Les investigations ont été lancées à la suite d'un article qui fait état de plus de 900.000 euros dépensés en vêtements de luxe par le président tchadien.
Les investigations sur ces soupçons de biens mal acquis, confiées à l'Office central de répression de la grande délinquance financière, ont été lancées à la suite d'un article du site d'information Mediapart, en décembre 2023, qui faisait état de plus de 900.000 euros dépensés en vêtements de luxe par le président Mahamat Idriss Déby Itno, grâce à des versements reçus d'une société tchadienne, via une banque.
Pour Andréa Ngombe Malewa, fondateur du collectif Sassoufit, si les faits sont avérés, ils illustrent une pratique abusive et aussi une grande maladresse du nouveau président tchadien.
"Il a pêché par jeunesse dictatoriale en achetant des biens de luxe en France, là où ses confrères dans la dictature ont déjà déplacé leurs intérêts vers des endroits comme Dubaï, ou d'autres endroits en Asie, notamment Macao, Hong Kong ou encore la Chine continentale", insiste M. Ngombe.
Pour lui, "le président tchadien a des velléités d'aller vers Moscou et l'arme judiciaire est une manière de lui rappeler qu'il ne peut pas faire ce qu'il veut au Tchad."
Une situation qui a du mal à passer au Tchad
Max Kemkoye, président de l'UDP, l'Union des démocrates pour le développement et le progrès au Tchad, rappelle que cela fait plus de trois décennies que les abus de biens sociaux sont commis délibérément au Tchad, dans une totale impunité.
"Pour un pays où 6,5 millions ou sept millions de personnes vivent dans l'extrême pauvreté, où des femmes donnent la vie en mourant, où des dizaines de jeunes diplômés finissent chaque année sans avoir accès à l'emploi, dépenser autant d'argent pour des costumes est bel et bien un crime et le délinquant doit être poursuivi et sévèrement puni", fustige-t-il.
Cette affaire rappelle des affaires similaires de "biens mal acquis" avec le président congolais Denis Sassou-Nguesso, le président gabonais Ali Bongo, ou encore son homologue équato-guinéen, Teodoro Obiang Nguema.
Faiblesse des systèmes judiciaires
Pour Jimmy Kande, président du réseau de lutte contre la corruption Unis, cette révélation à propos du Tchad démontre que le système judiciaire en Afrique est encore très faible.
Dans la plupart des cas, souligne M. Kande, "on se retrouve avec des questions de biens mal acquis qui sont traités à l'étranger parce que les organes ou les systèmes qui existent en Afrique sont eux aussi impliqués dans des affaires de corruption. Cela nous emmène également à nous poser des questions sur la qualité des systèmes judiciaires dans nos pays pour essayer d'endiguer cette situation parce que, dans ce cas, nous parlons de faits qui ont déjà été consommés, des vêtements qui auraient déjà été achetés, mais comment est-ce que nos instances nationales peuvent prévenir ce genre d'actions ? Cela passe aussi par la volonté politique".

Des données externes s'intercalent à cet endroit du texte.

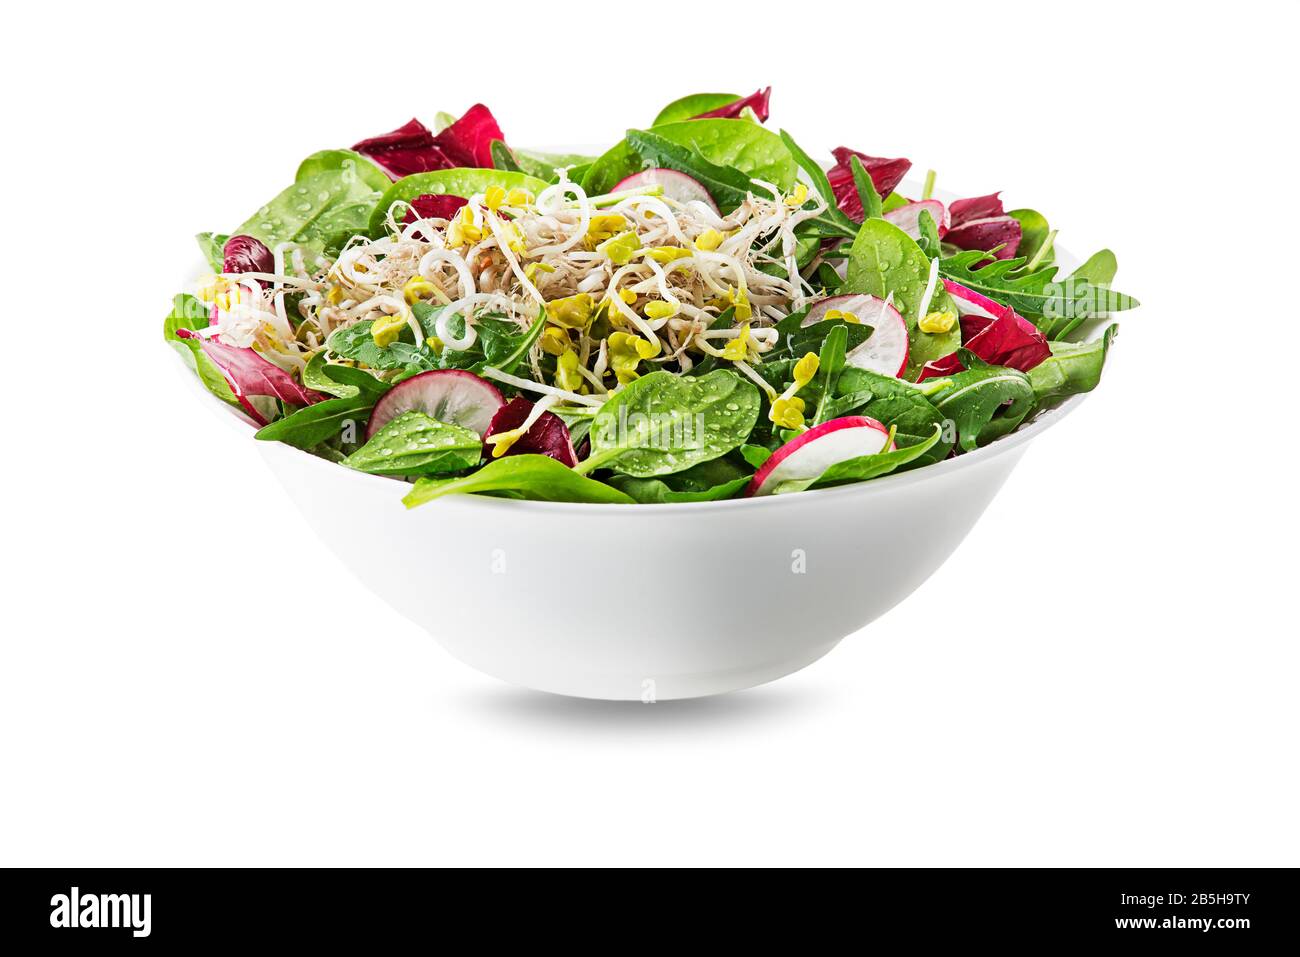 Healthy green salad meal with alfalfa sprouts isolated on white background Stock Photo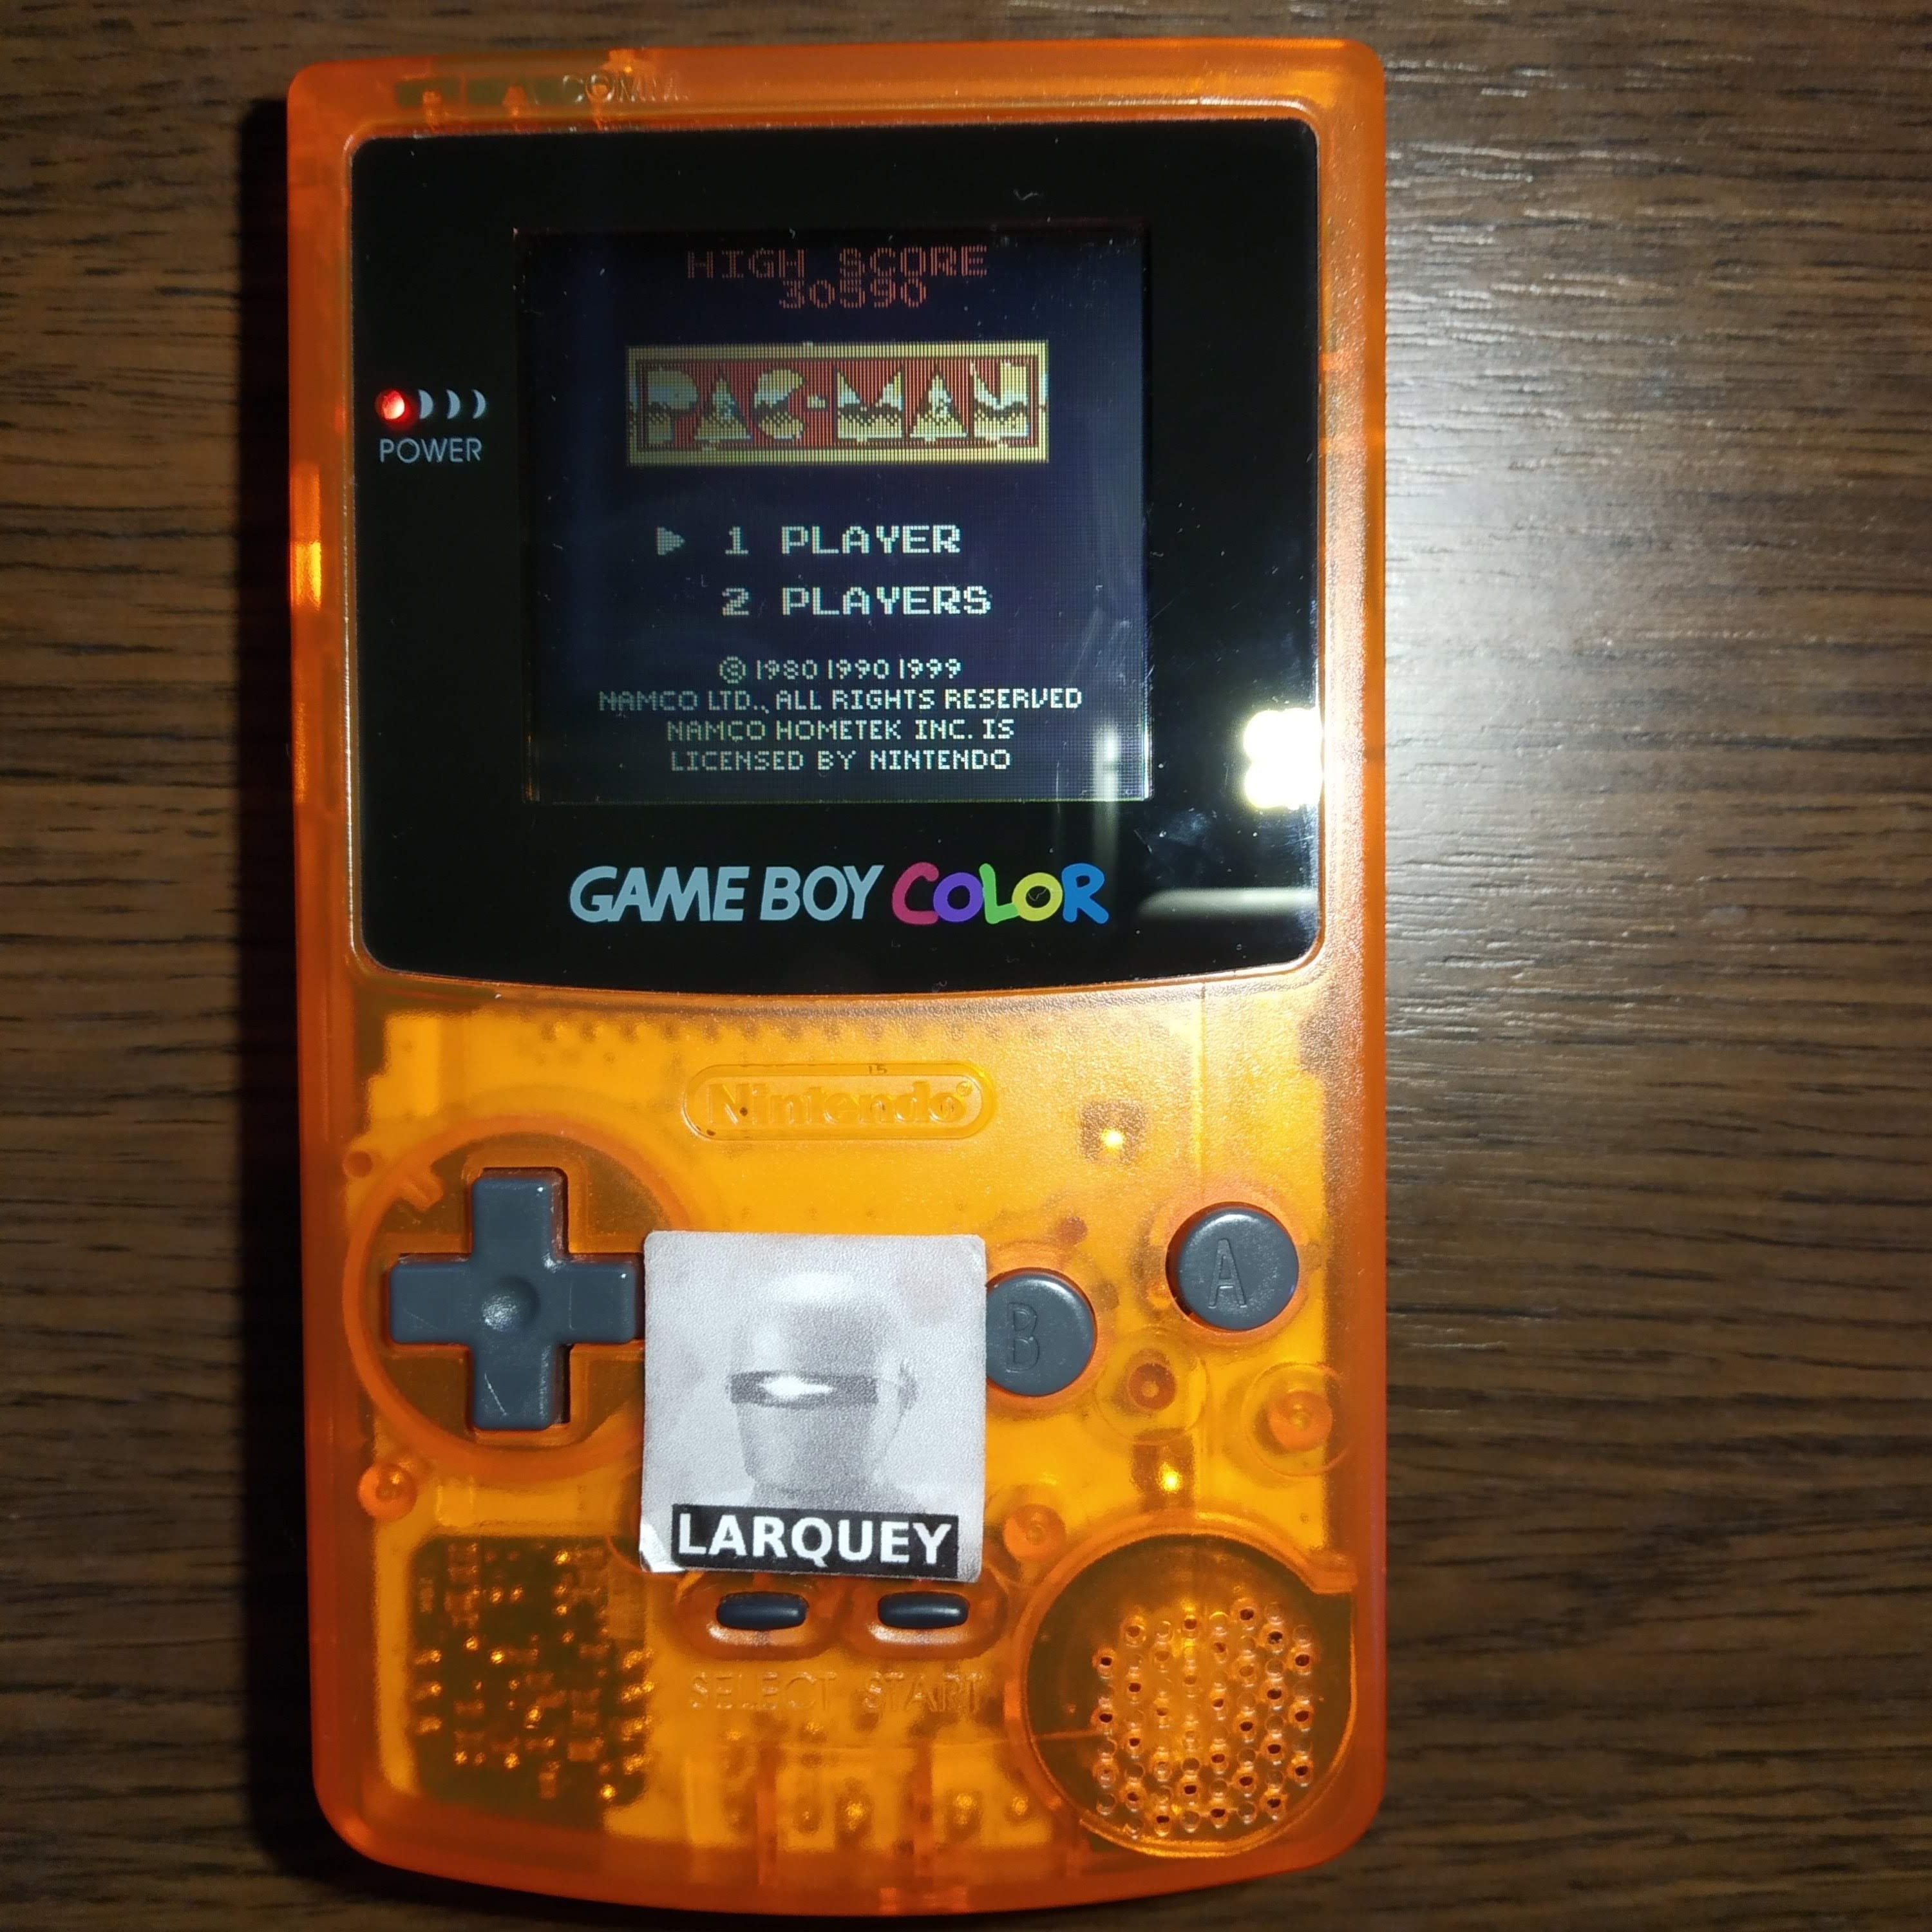 Larquey: Pac-Man: Special Color Edition (Game Boy Color) 30,590 points on 2020-07-23 09:54:08

Selon Mediapart, "les versements ont été opérés depuis une mystérieuse société baptisée MHK Full Business, enregistrée à N'Djamena, et disposant d'un compte au sein de la Banque commerciale du Chari (BCC), un des huit établissements bancaires agréés au Tchad".
L'enquête pourrait être élargie au patrimoine immobilier que détient la famille Déby et son entourage en France, précise la presse hexagonale.